The silence of the graphic artist is the sharpening of a little quill. To the fiery brilliance of accuracy, to the point. In graphic art, convention and selection are important. Concentration. Expressiveness. Graphics is all about precision, it is the blow of a blade to strike at the right moment of wit. The cold calligraphic tool is a steel pen. Graphics is the direction of tension. Tension is the most important compositional means. Graphics is a metaphorical shift of attention, a visual gimmick. Graphics is a sign. And there shouldn’t be too many signs. Graphics is a focus – a concentration – a selection – a decline – a blackout – an exact crumb of light on the most semantic essentials, an actress who knows for sure what her best angle is.

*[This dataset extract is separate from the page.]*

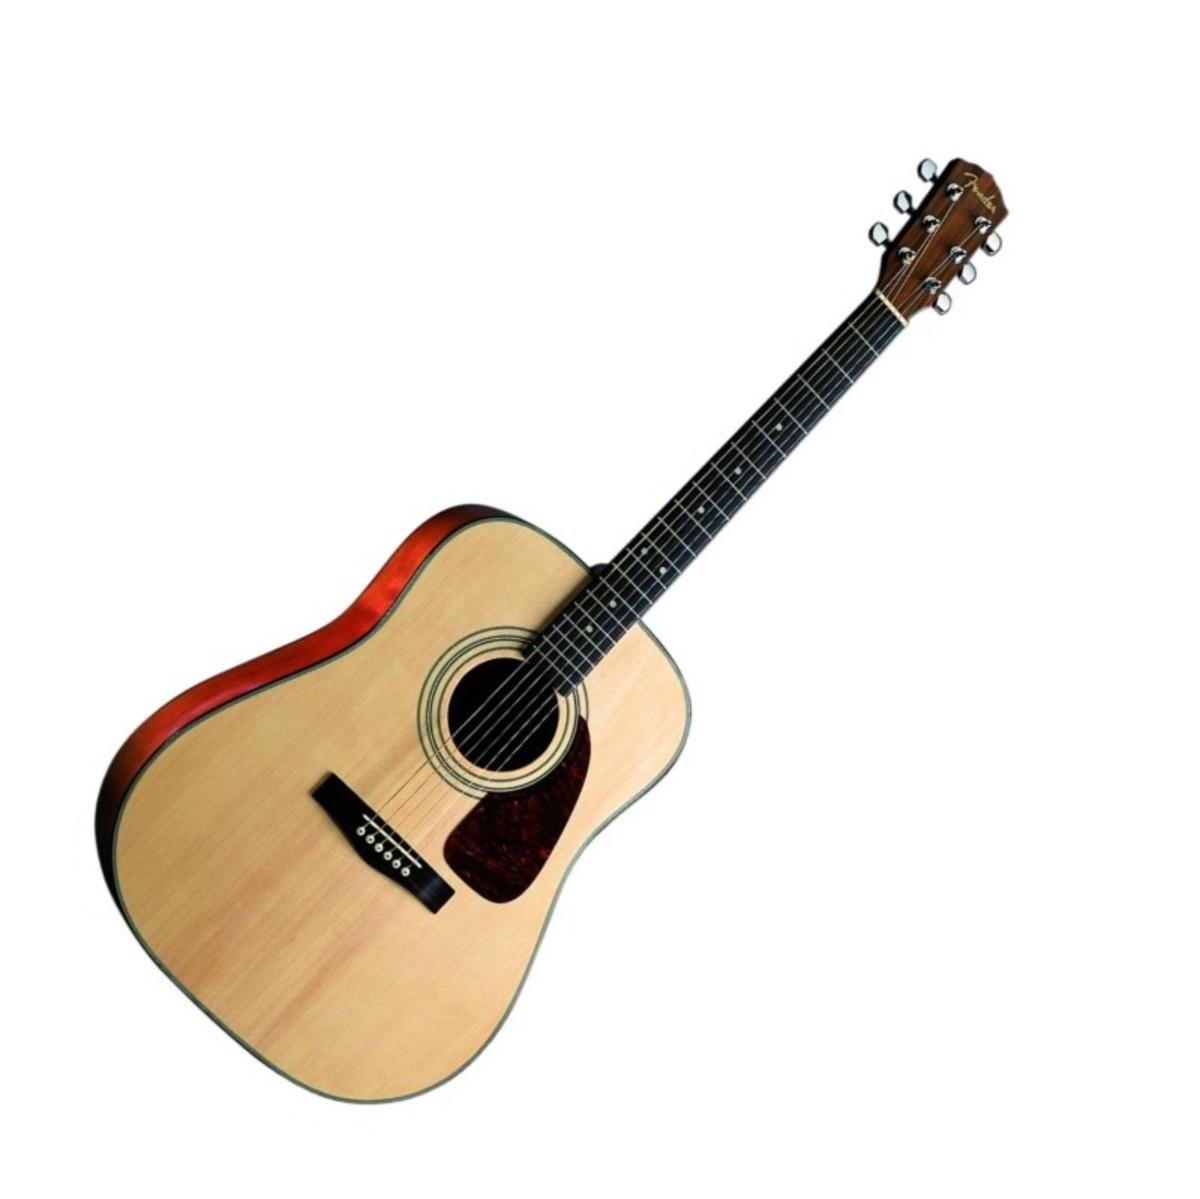 top-five-acoustic-steel-string-guitars-for-under-five-hundred-dollars

Graphic art is effective: minimum means, maximum expressiveness. Graphic art is sharp, it must express the character with the most characteristic feature, formalize the essence into a visual formula. This limited means, the narrow gap in the closed darkness of the female mouth-door creates the conditions of deprivation, in which something special, highly durable, and radiant can take place.

 

o – [“To discover these pearls at the bottom of the sea, one has to dive to an unthinkable depth”]**

 

Graphic chromaticity, or simply a nominal designation of texture, is a paradoxical sounding term that I encountered while studying the art of graphics. Circles or cells, their large or small patterns are considered in the graphic art as different colors. Is it comparable to writing about color? To a rather conceptual, albeit mundane, effort, as, for example, in this evening floral excerpt from Virginia Woolf: “and all the sweet peas spreading in their bowls, tinged violet, snow white, pale – as if it were the evening and girls in muslin frocks came out to pick sweet peas and roses after the superb summer’s day, with its almost blue-black sky, its delphiniums, its carnations, its arum lilies was over; and it was the moment between six and seven when every flower – roses, carnations, irises, lilac – glows; white, violet, red, deep orange; every flower seems to burn by itself, softly, purely in the misty beds.”[12]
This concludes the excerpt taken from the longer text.